Theory of the thermoelectricity of intermetallic compounds with Ce or Yb ions

TL;DR

This paper models the thermoelectric properties of Ce and Yb intermetallic compounds using the Anderson model, successfully explaining experimental thermopower features and pressure effects through a detailed theoretical approach.

Contribution

It introduces a comprehensive Anderson model analysis that accounts for crystal-field splitting and Coulomb repulsion, accurately reproducing thermoelectric behavior and phase diagrams of Ce and Yb intermetallics.

Findings

Thermopower features match experimental observations.

Pressure influences energy scales and phase transitions.

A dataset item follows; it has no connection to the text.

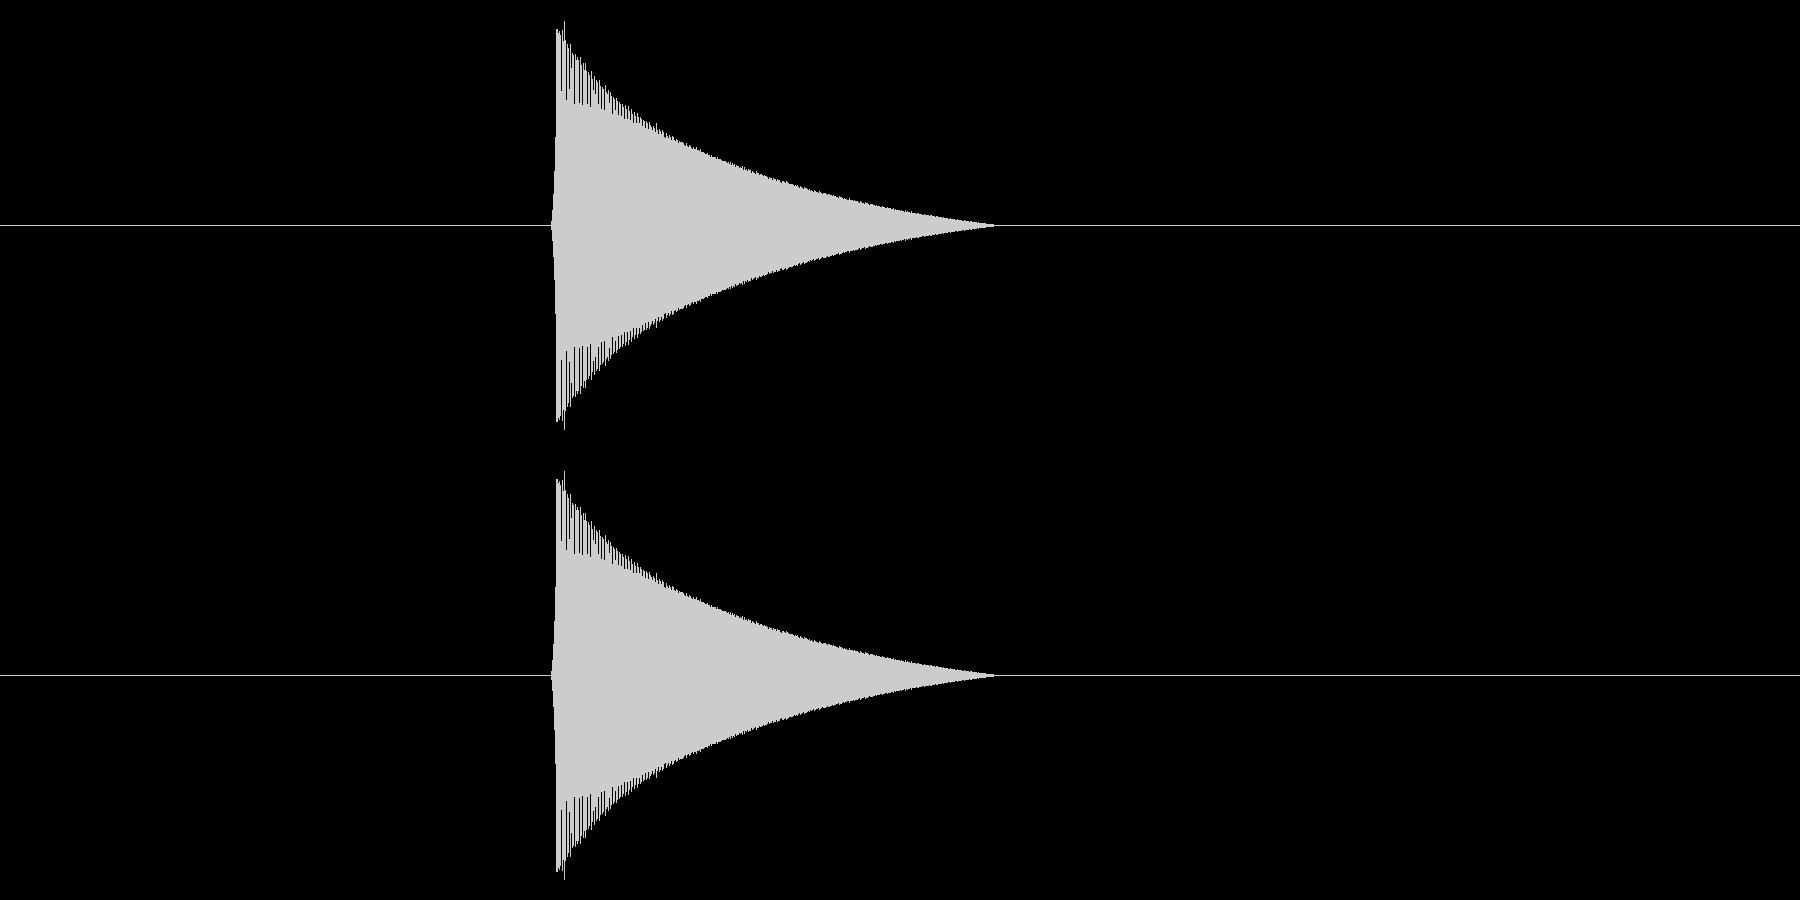 ファミコン風_ピュン_弾を打つ音2の未再生の波形

Model explains temperature, pressure, and doping effects on transport properties.

Abstract

The thermoelectric properties of intermetallic compounds with Ce or Yb ions are explained by the single-impurity Anderson model which takes into account the crystal-field splitting of the 4{\it f} ground-state multiplet, and assumes a strong Coulomb repulsion which restricts the number of {\it f} electrons or {\it f} holes to $n_f\leq 1$ for Ce and $n_f^{hole}\leq 1$ for Yb ions. Using the non-crossing approximation and imposing the charge neutrality constraint on the local scattering problem at each temperature and pressure, the excitation spectrum and the transport coefficients of the model are obtained. The thermopower calculated in such a way exhibits all the characteristic features observed in Ce and Yb intermetallics. Calculating the effect of pressure on various characteristic energy scales of the model, we obtain the $(T,p)$ phase diagram which agrees with the experimental data on CeRu$_{2}$Si$_2$, CeCu$_{2}$Si$_2$, CePd$_{2}$Si$_2$, and similar compounds. The evolution of the thermopower and the electrical resistance as a function of temperature, pressure or doping is explained in terms of the crossovers between various fixed points of the model and the redistribution of the single-particle spectral weight within the Fermi window.